Giova ricordare qualche numero: i pubblici dipendenti nel 2022 toccavano i 3,7 milioni dei quali 2,35 sotto i 55 anni e ben 1,35 sopra i 55 anni. Di questi oltre un terzo potranno andare in pensione nei prossimi 10 anni, si tratterà di oltre un milione e 300 mila posti di lavoro. Numeri imponenti. Oggi la classe di età più rappresentata è quella tra i 55 e i 59 anni. Il fatto di trovare la pubblica amministrazione attrattiva come datore di lavoro è dato, per il 28 per cento, perché considerata un’esperienza professionale importante, per il 44 (che resta comunque la risposta predominante) come un impiego stabile. È interessante rilevare anche che ad attrarre sono soprattutto i profili «giuridici», cioè i laureati in legge, mentre per i profili più tecnici, quali ingegneri informatici, geologi, architetti, la Pa soffre da anni la concorrenza del settore privato dove i laureati preferiscono rivolgersi, in prima istanza, perché magari scontano una maggiore instabilità e incertezza del posto fisso, ma possono ambire - in caso fortunato - a stipendi più alti o a remunerazioni che, nel tempo, possono arrivare a livelli importanti. Il pubblico è ancora percepito come legato a una carriera collegata all’anzianità piuttosto che ai risultati. Purtroppo, questo fatto è largamente veritiero.
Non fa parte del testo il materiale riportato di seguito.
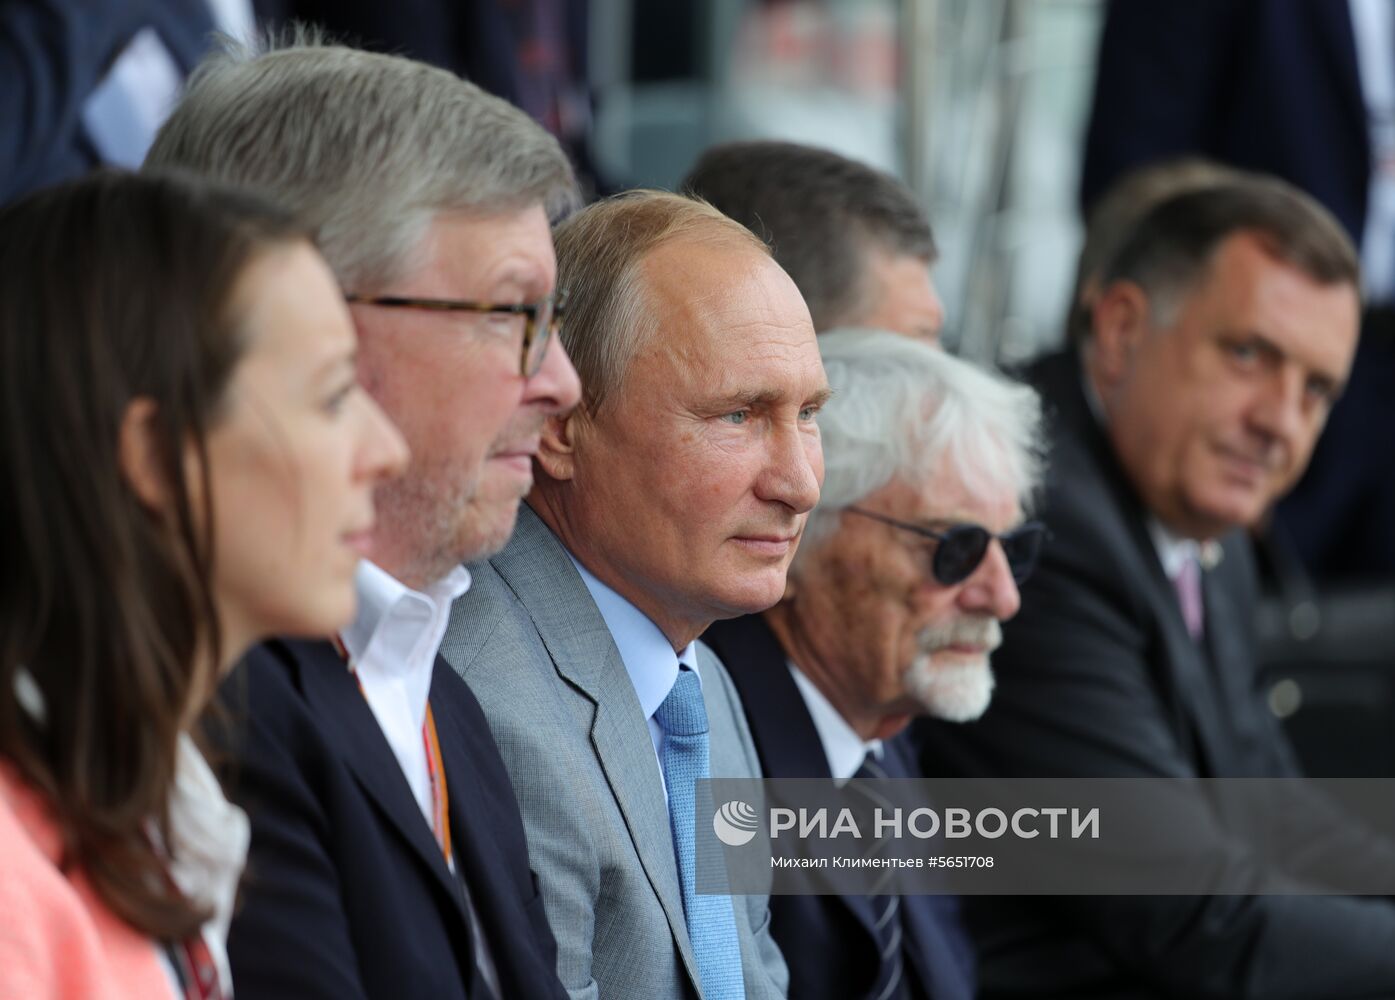 Президент РФ В. Путин посетил гонки чемпионата мира "Формула-1" в Сочи

Che ci dice tutto questo? Una cosa semplice: le previsioni futurologiche che ci venivano propinate durante il Covid e anche dopo, e in particolare quella «Nulla sarà più come prima», si sono rivelate, nel migliore dei casi, delle fandonie. Nel peggiore dei casi, scenari che hanno impegnato cervelli e istituzioni anche accademiche per mesi - nei quali si è tentato di costruire una rappresentazione del mondo del lavoro per il domani - che di fronte al classico posto fisso pubblico (che sembrava un sogno delle generazioni passate) si sono sciolti come neve al sole. Alla fine, continuano a prevalere i metodi per mettere insieme il pranzo con la cena, e possibilmente anche la prima colazione, magari al bar: cappuccino e brioche.